There really isn’t any need to know from make-up artists’ what’s currently “hot” because the same style doesn’t work for everybody. Beauty is different on everyone, just as it is that everyone has a different definition of the word. Some people say beauty is having nice hair or a nice face, a nice smile or a good body shape. Others say it’s being yourself, that beauty is within you. With so many different views on what being beautiful is, how is it that a survey of twenty people, more than half came back stereotyping that to be pretty you should be 5'6" - 5'9" with blue eyes and brown hair. Even in magazines, pictures’ of models lately have dark hair and light eyes. Whether it’s a natural look or not, it’s what people are doing, it’s what we’re seeing from the make-up artists and it’s changing what we see as beauty.

What everybody needs to do is take a step back and look at what we’re doing. We’re allowing people that we have often never met, to tell us what to wear, and how to wear it. If we were to stop paying attention to it all and just do what we want as we please, we’d be better people making our own decisions. There’s no reason we should follow the lead and get stuck in the mold. As long as we don’t care what’s “in” and just do what actually looks good on us we’d be better off.

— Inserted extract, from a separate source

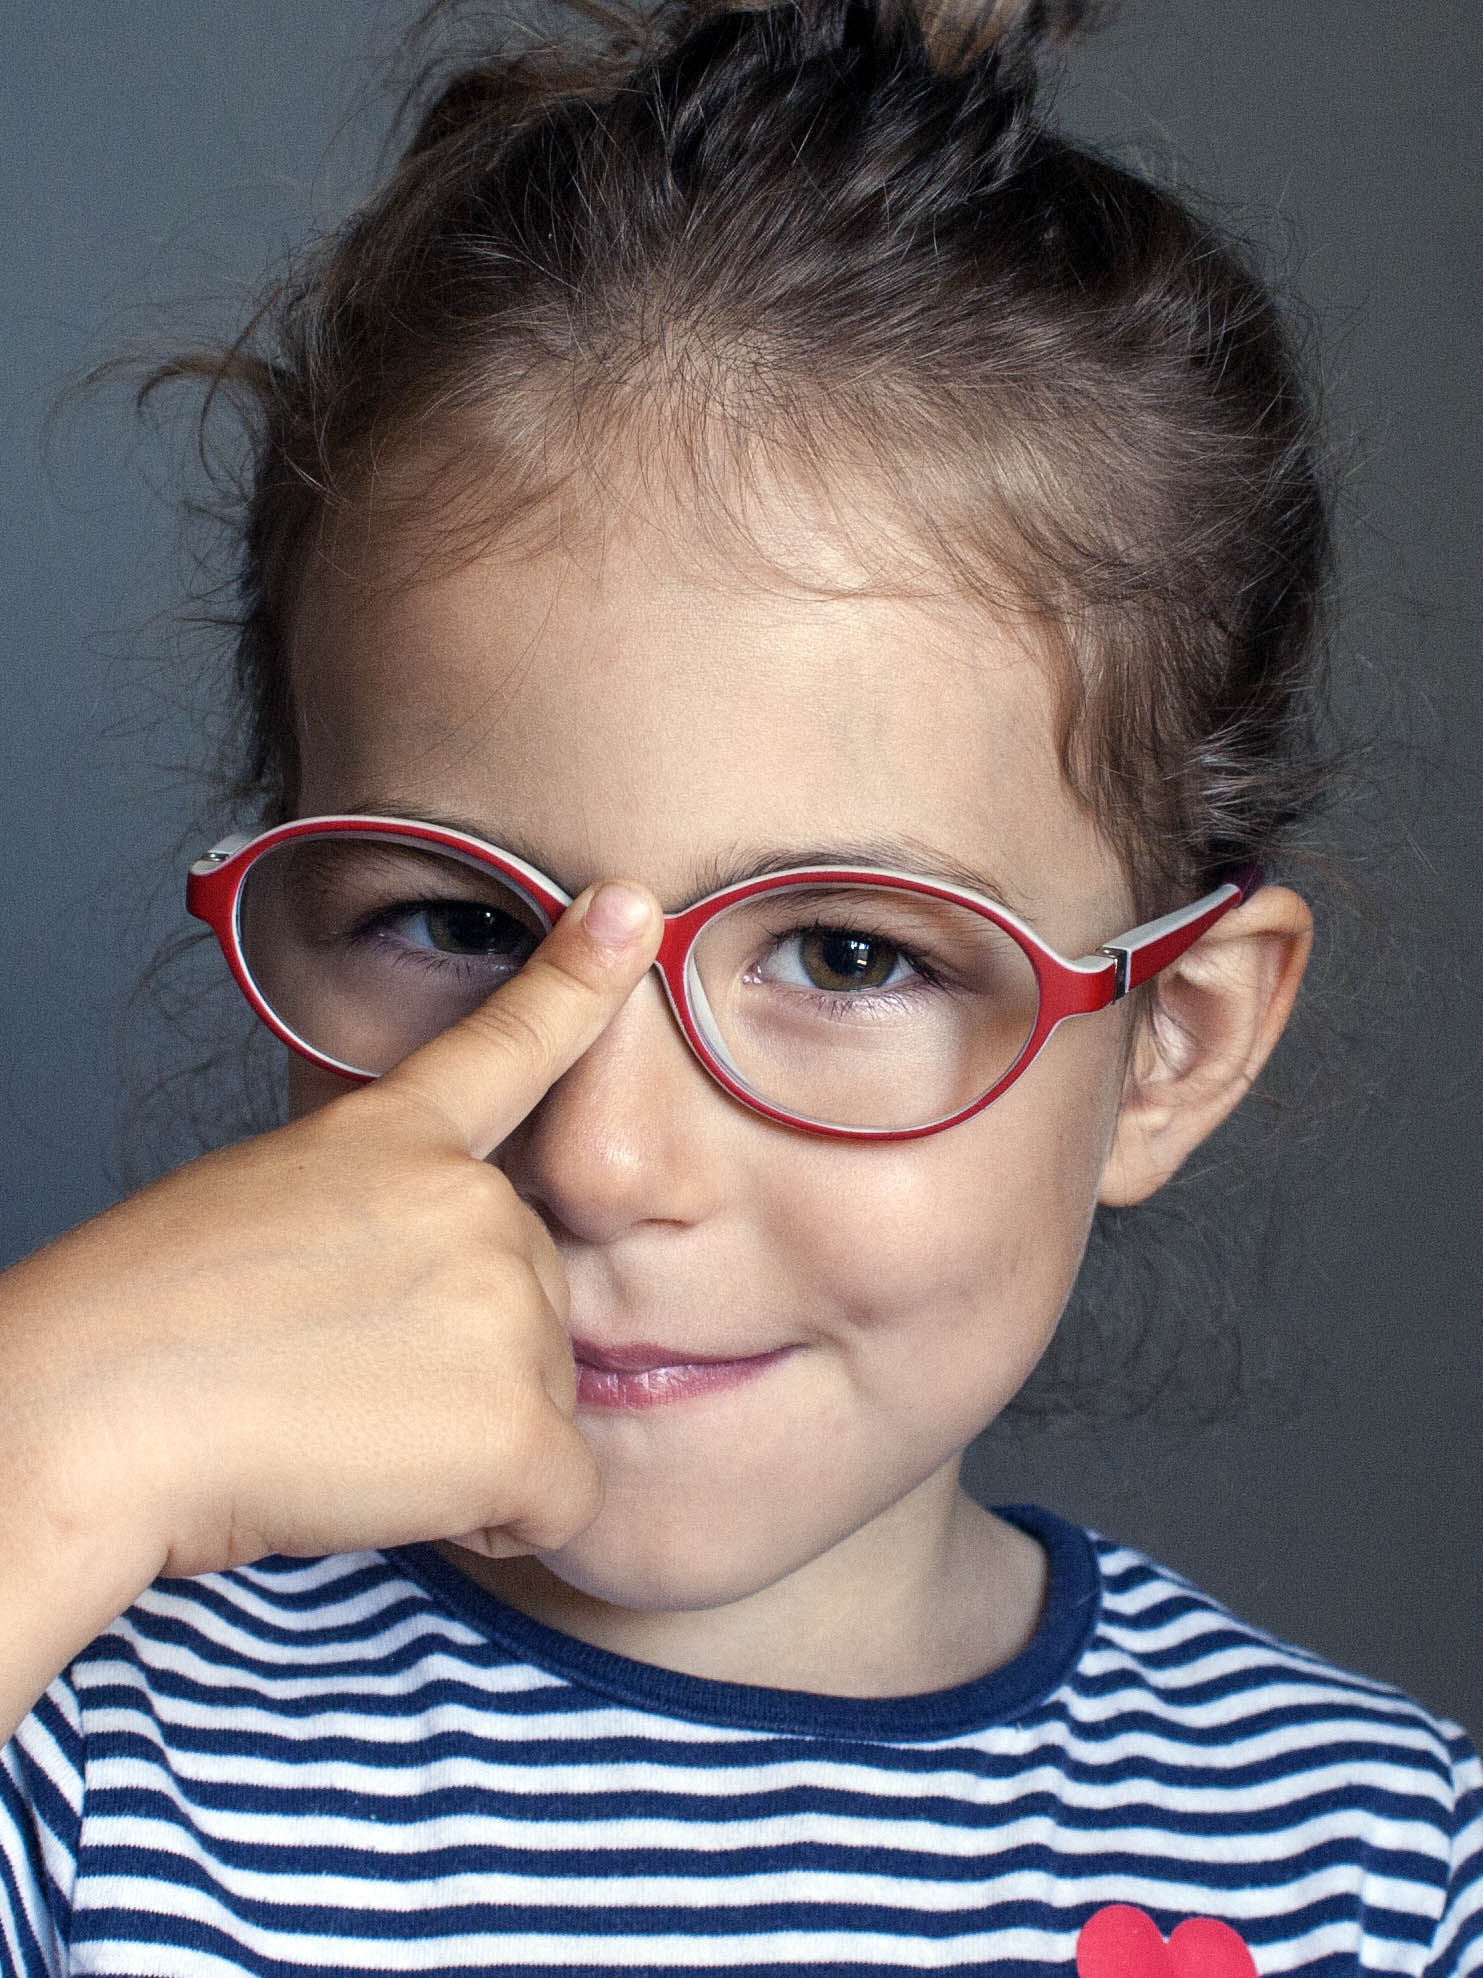 little girl adjusting her glasses with her finger

Just thinking about it, what’s the point of changing your look? How is it that almost all of the teenage society, finds themselves having to wear Hollister, or Abercrombie & Fitch to be one of the “popular” ones. If nobody reacted to the changes, would we find ourselves in a better place –- and who’s there to draw the line of when you’re following too much? The truth is, it’s up to you as an individual not to be phased by the latest styles, by what everyone else is doing. When we all do as we wish with our look and break out of the ugly mold of beauty, we’ll feel better about ourselves, it will come naturally and we’ll no longer be phased. There will always be people judging each other about something, but maybe it will just be saying “Look at her! She’s being herself, that’s really neat.”